4.1 The langlet.py and conf.py modules

The langlet.py module is the basic ground where langlet specific definitions are inserted. When created a langlet.py module contains a bunch of classes that might be overwritten.

from conf import*
from csttools import*

class LangletTokenizer(eetokenizer.Tokenizer):
    '''
    Langlet specific tokenizer settings and definitions.
    '''


class LangletImporter(eeimporter.Importer):
    '''
    Langlet specific import settings
    '''


class LangletTransformer(eetransformer.Transformer):
    '''
    Defines langlet specific transformations
    '''


The relevant classes Tokenizer, Importer and Transformer are already imported with conf.py. You can consider conf.py as an extension of langlet.py. Usually doesn't have to be changed once a langlet is created. Some changes ( that of the LANGLET_OFFSET specifically ) might even cause inconsistencies. So conf.py is somewhat like the static part of the langlet. The conf.py module contains objects being configured with the defining langlet. So you will find functions like
pprint, unparse, parse and tokenize which are langlet specific. Calling

        langlet.parse( "1+2\n" )

parses the statement "1+2\n" into a langlet specific CST and

    langlet.pprint( langlet.parse( "1+2\n" ) )

will display it.


4.2  LangletTransformer

The LangletTransformer class is the most important one of the three classes you have seen above. Actually the LangletTokenizer and the LangletImporter classes can be deleted if not needed. Not so the LangletTransformer. The LangletTransformer binds actions to node ids using a set of correspondences.

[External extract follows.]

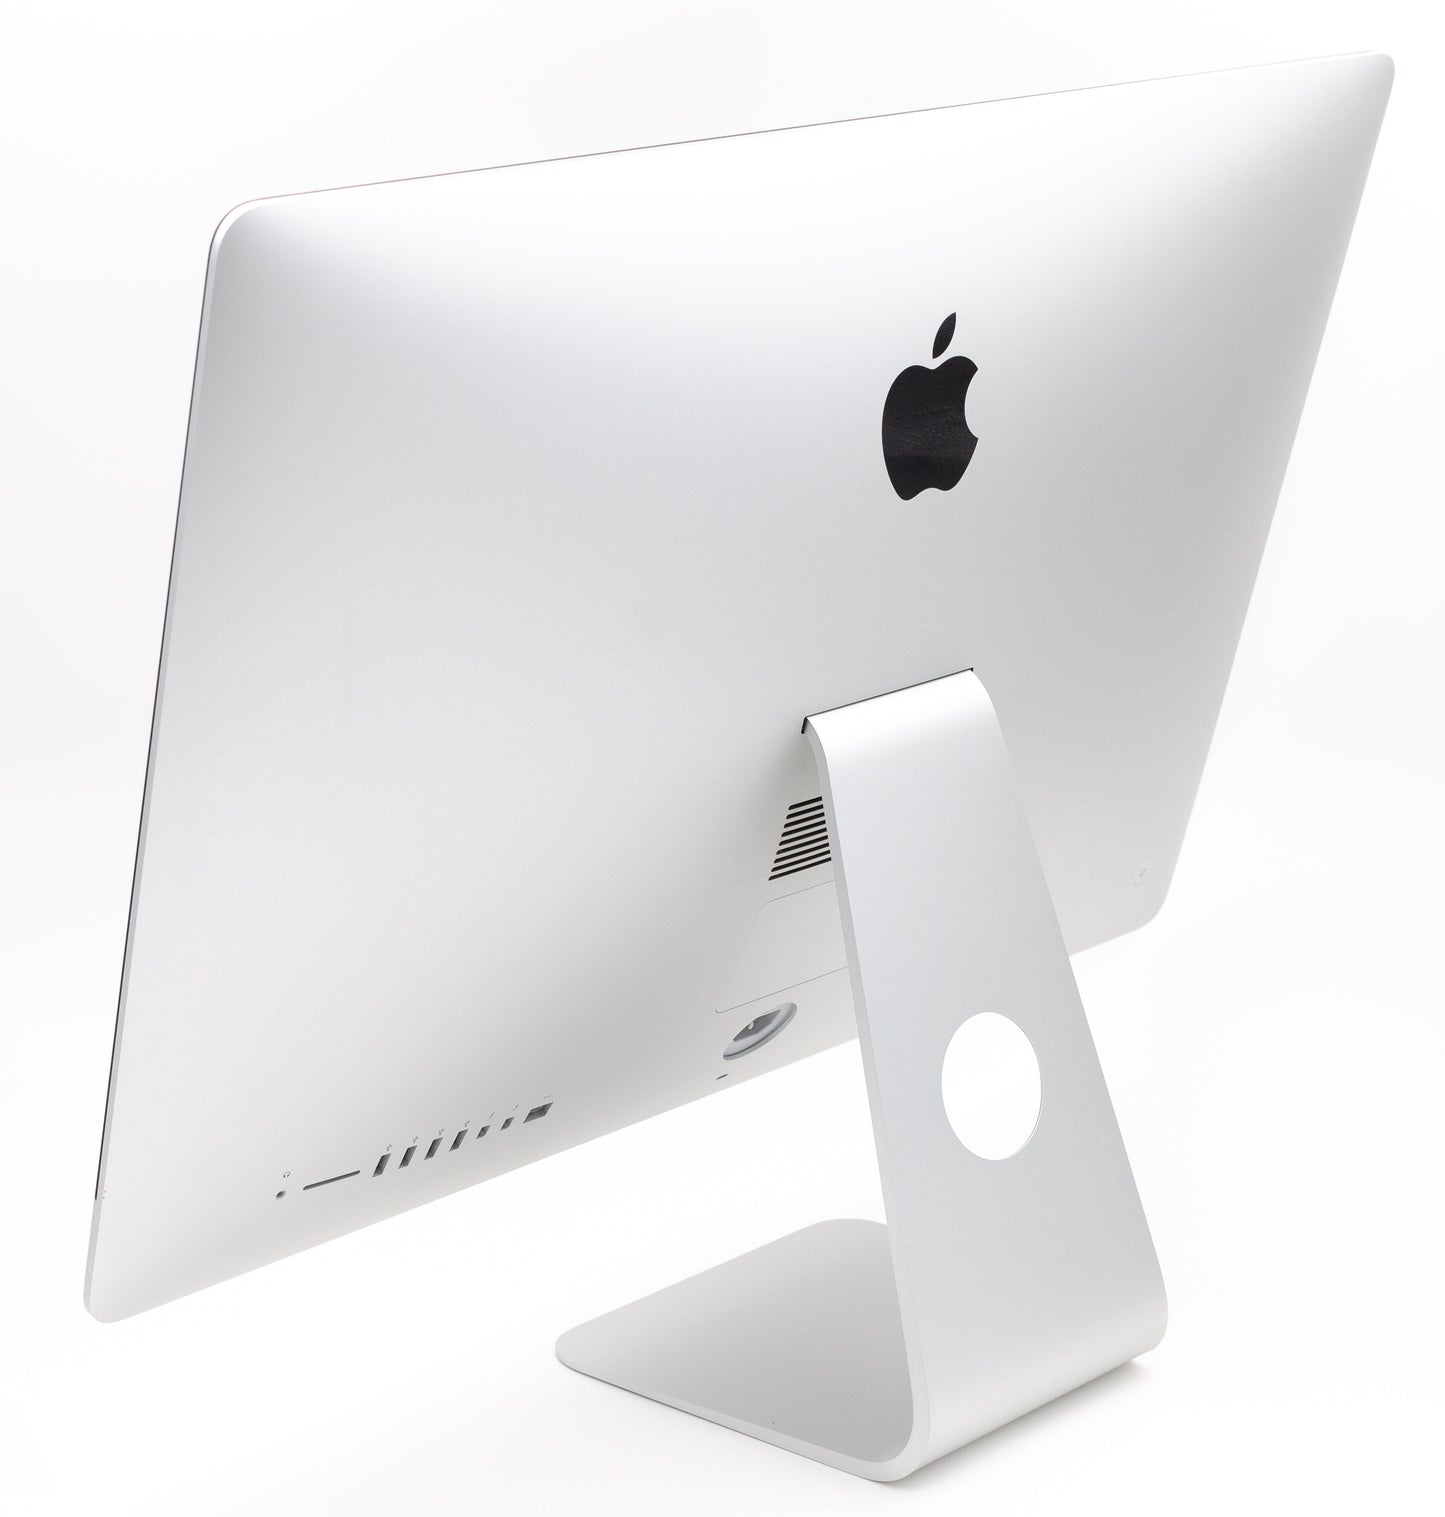 apple-late-2012-27-inch-imac-ultra-thin-a1419-aluminum-qci5 - 2.9ghz, 8gb ram, gtx 660m - 512mb gpu-2

Suppose you want to transform the node corresponding to the repeat_stmt grammar rule in Grammar.ext ( or while_stmt in Grammar ... ). The name of the rule is unambigously defined for the langlet. The following code shows how to make the node action public.


class LangletTransformer(eetransformer.Transformer):
    '''
    Defines langlet specific transformations
    '''

    @transform
    def repeat_stmt(self, node, **kwd):
        """
        repeat_stmt: 'repeat' ':' suite 'until' ':' (NEWLINE INDENT test NEWLINE DEDENT |
                      test NEWLINE )
        """


Without the @transform decorator the repeat_stmt action wasn't recognized as a node transformer actions and not executed. Writing the grammar rule into the comment string is a convention. It helps the author of the tranformation and the reader of the code. It is by no means signficant and you can omit it.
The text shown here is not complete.